A região se torna estratégica por abrigar a principal malha de cabos submarinos e pontos de conexão internacional de dados do país, o que coloca a região em posição privilegiada para se consolidar como um hub estratégico de data centers e infraestrutura digital.
Prova disso é o recém-anunciado mega data center da chinesa ByteDance, controladora do TikTok, que será instalado no Complexo do Pecém, no Ceará, com investimento de R$ 50 a R$ 55 bilhões.
O projeto, anunciado pelo presidente Lula e pelo CEO global da empresa, Shou Zi Chew, durante agenda da ONU em Nova York, é um dos maiores aportes individuais em infraestrutura digital já feitos no Brasil e um marco da consolidação da região como eixo estratégico para grandes companhias de tecnologia que buscam operar no país.
Mas os meios de investimentos não se limitam à infraestrutura. A região também abriga polos que combinam criatividade, formação acadêmica sólida e ambiente fértil para startups e empresas de tecnologia. E um dos símbolos mais visíveis dessa virada é o Porto Digital, na capital pernambucana.
Criado há pouco mais de duas décadas, o parque tecnológico se tornou o principal distrito de inovação da América Latina e reúne mais de 470 empresas embarcadas, empregando cerca de 21 mil profissionais.
O polo se tornou referência em tecnologia da informação, comunicação e economia criativa, abrigando tanto gigantes nacionais quanto startups em expansão global. Entre as empresas embarcadas estão Accenture, Avanade, Stelantis, Liferay, Globo, Solar Coca-Cola, além de ecossistemas como CESAR e Neurotech.
Além da movimentação bilionária — em 2024, o faturamento do centro foi de R$ 6,2 bilhões —, o Porto Digital serve de modelo para outros estados nordestinos que buscam estruturar ecossistemas próprios.
A experiência é tão exitosa que já expandiu a atuação para hubs instalados na cidade de Caruaru, no Agreste pernambucano, no estado de Goiás e na cidade de Aveiro, em Portugal. Outra unidade está prevista para ser inaugurada em Petrolina, no Sertão, em 2026.
Capital humano e startups favorecem crescimento
De acordo com Pierre Lucena, presidente do Porto Digital, dois fatores contribuíram para o crescimento do parque tecnológico recifense.

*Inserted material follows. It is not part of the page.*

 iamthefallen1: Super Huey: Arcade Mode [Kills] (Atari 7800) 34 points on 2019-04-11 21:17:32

"Aqui a gente tinha um ecossistema e todas as condições colocadas. Recife é um polo formador muito grande de capital humano, isso ajudou e tem ajudado muito, além de ser um polo de startups que nascem aqui. Esses foram os grandes motivos que fizeram com que Recife crescesse", explicou.
O número de alunos concluintes de cursos de tecnologia no Recife também dobrou de 2022 para 2024, segundo o Censo do Ensino Superior, do governo federal, o que favoreceu o fornecimento de mão de obra qualificada citada por Pierre.

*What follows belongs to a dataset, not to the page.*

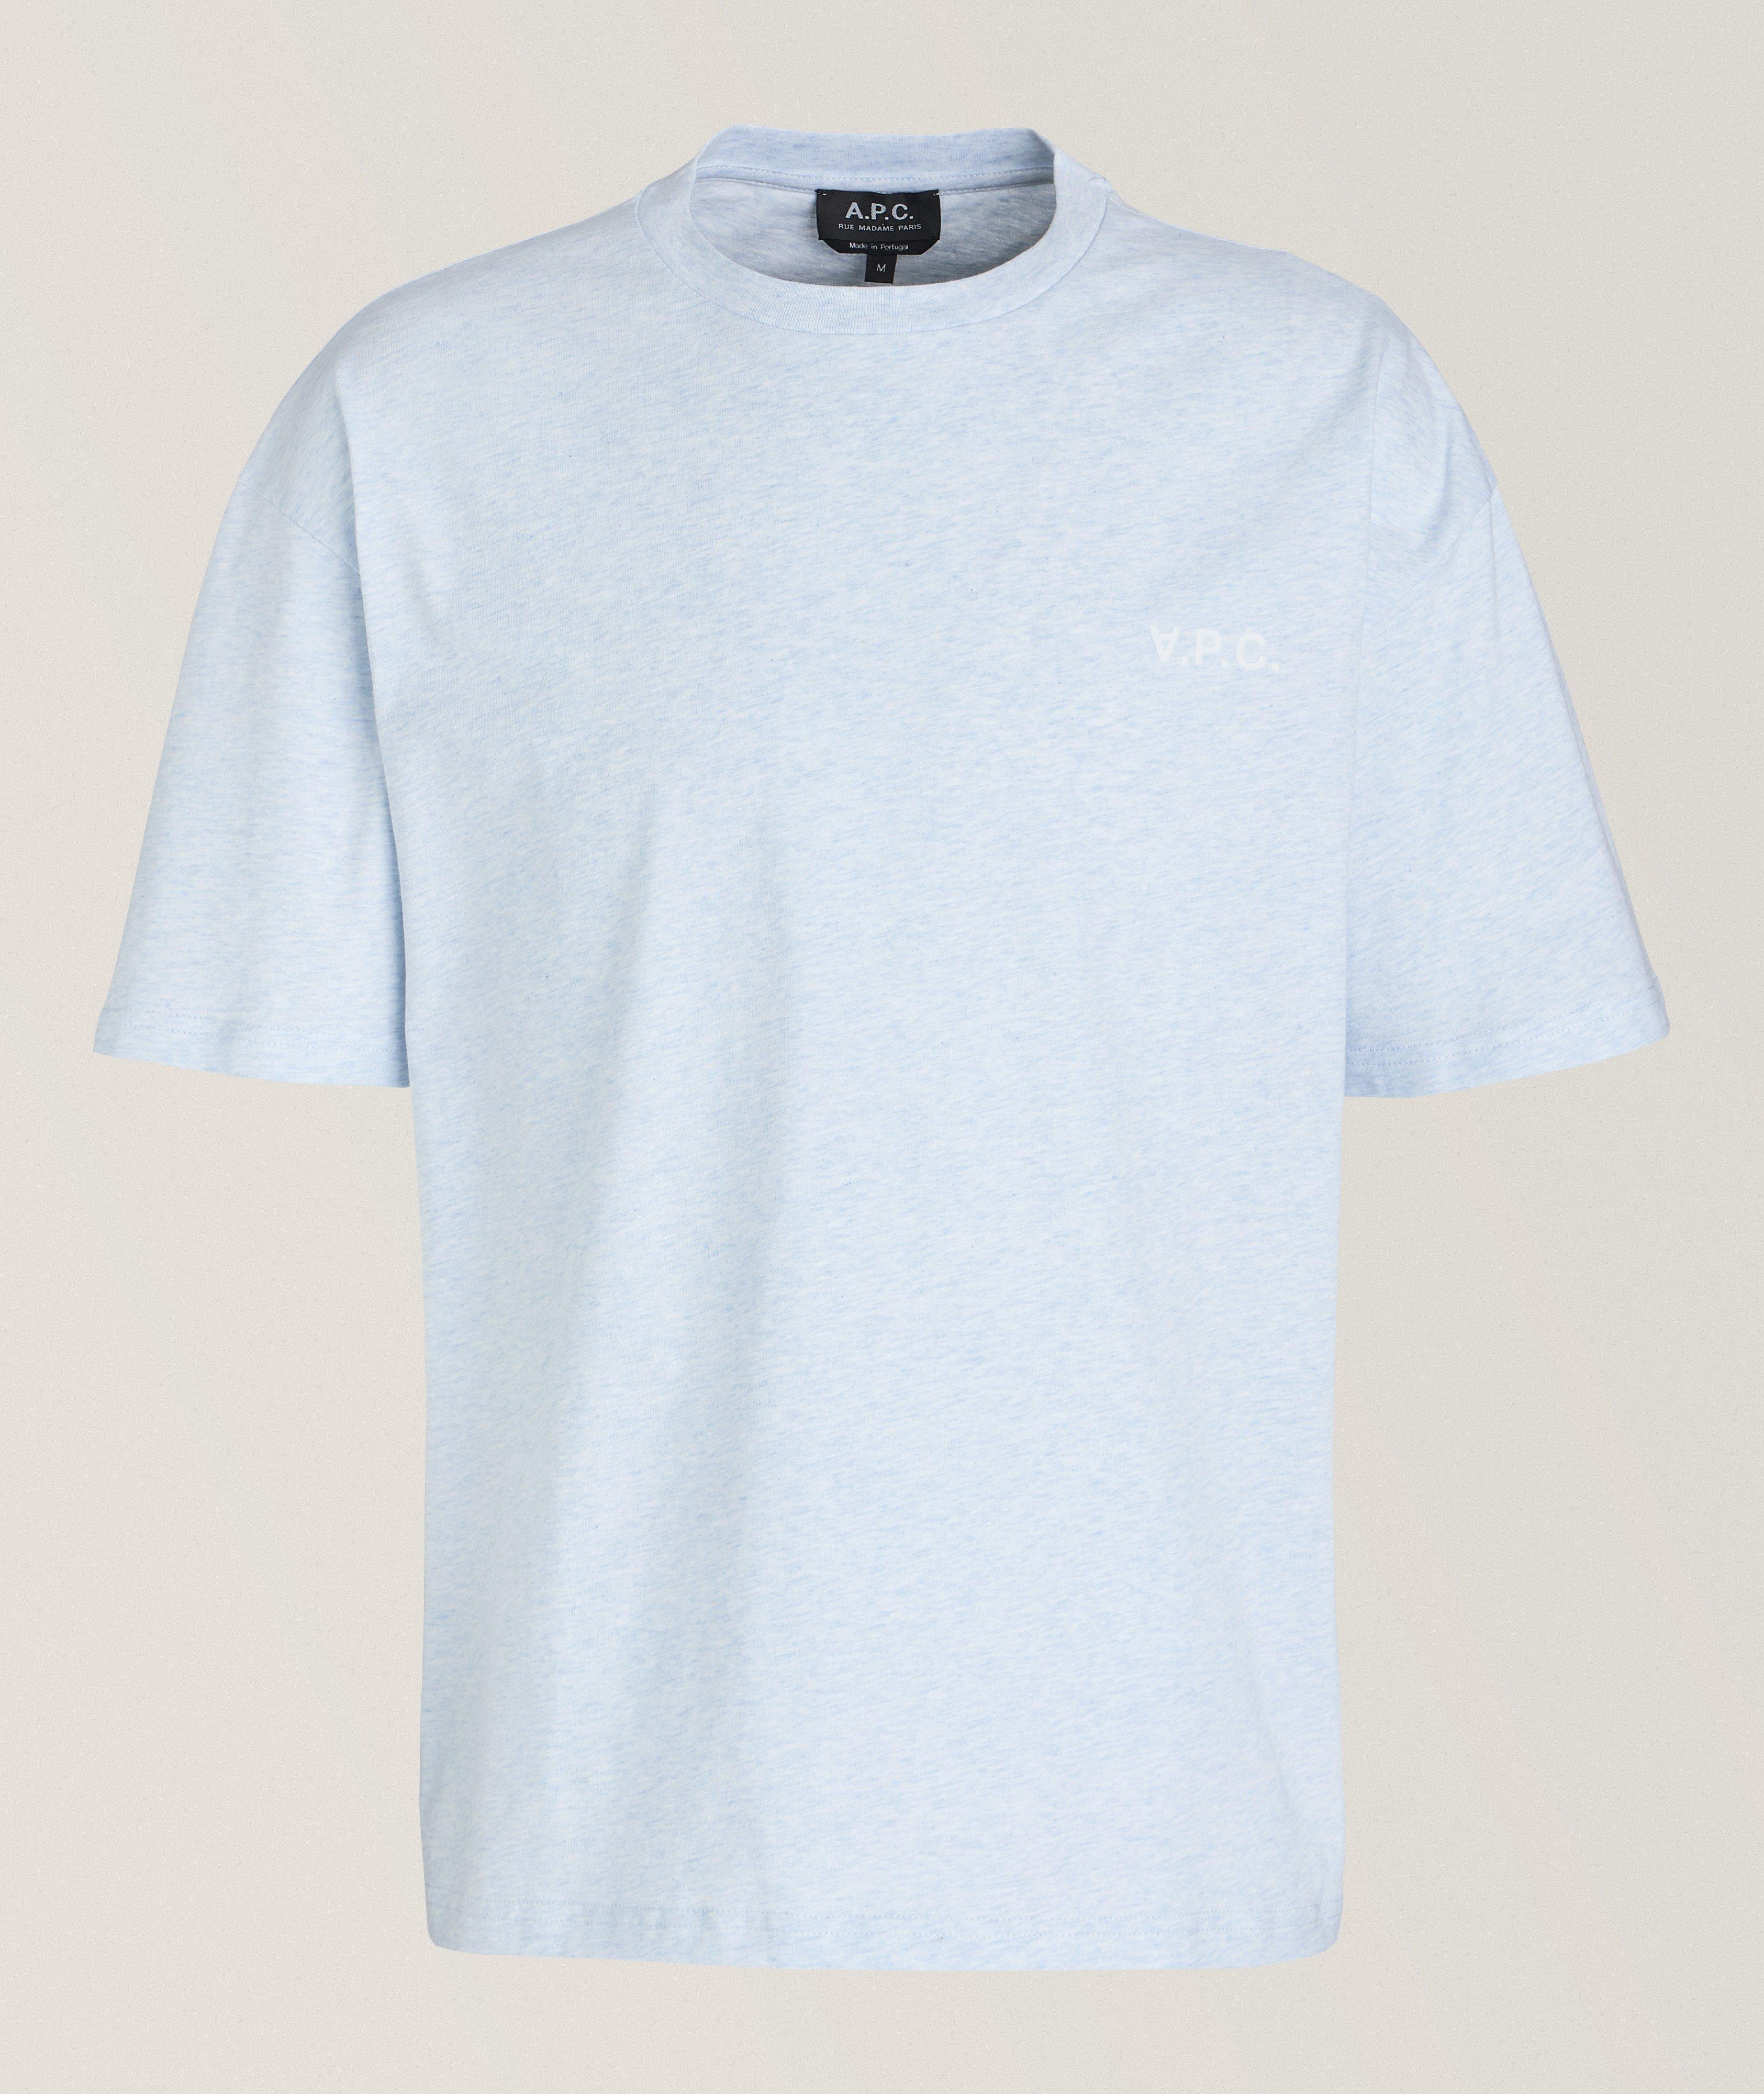 New Joachim Mélange Cotton T-Shirt image 0

Dados do levantamento do Cadastro Geral de Empregados e Desempregados (Caged) mostram que os empregos formais na área de tecnologia no Recife cresceram 11,98% em junho de 2025, em comparação a junho de 2024. O número é o triplo do índice de empregos gerais. No mesmo período, São Paulo só subiu 1,48% e o Rio de Janeiro caiu 3%.
"Esse é o motivo pelo qual a gente está crescendo muito, formação de capital humano, empresas nascendo, esses dois fatores fazem com que a gente tenha uma geração de empregos bem acima do normal", explicou.
Foco na formação de mão de obra qualificada
Grande parte da mão de obra de qualidade do estado é egressa do Centro de Informática (CIn), da Universidade Federal de Pernambuco (UFPE), uma das principais referências na formação de profissionais de tecnologia no país.
Segundo o vice-diretor do CIn, Ricardo Massa, o centro recebe anualmente cerca de 350 novos alunos de graduação, distribuídos em quatro cursos: Sistemas de Informação, Ciência da Computação, Engenharia da Computação e Inteligência Artificial.
Na pós-graduação, o CIn mantém o programa de mestrado e doutorado em Ciência da Computação, reconhecido com nota máxima (nível 7) pela Coordenação de Aperfeiçoamento de Pessoal de Nível Superior (Capes). "É o único curso com esse nível no Norte, Nordeste e Centro-Oeste", afirmou Massa.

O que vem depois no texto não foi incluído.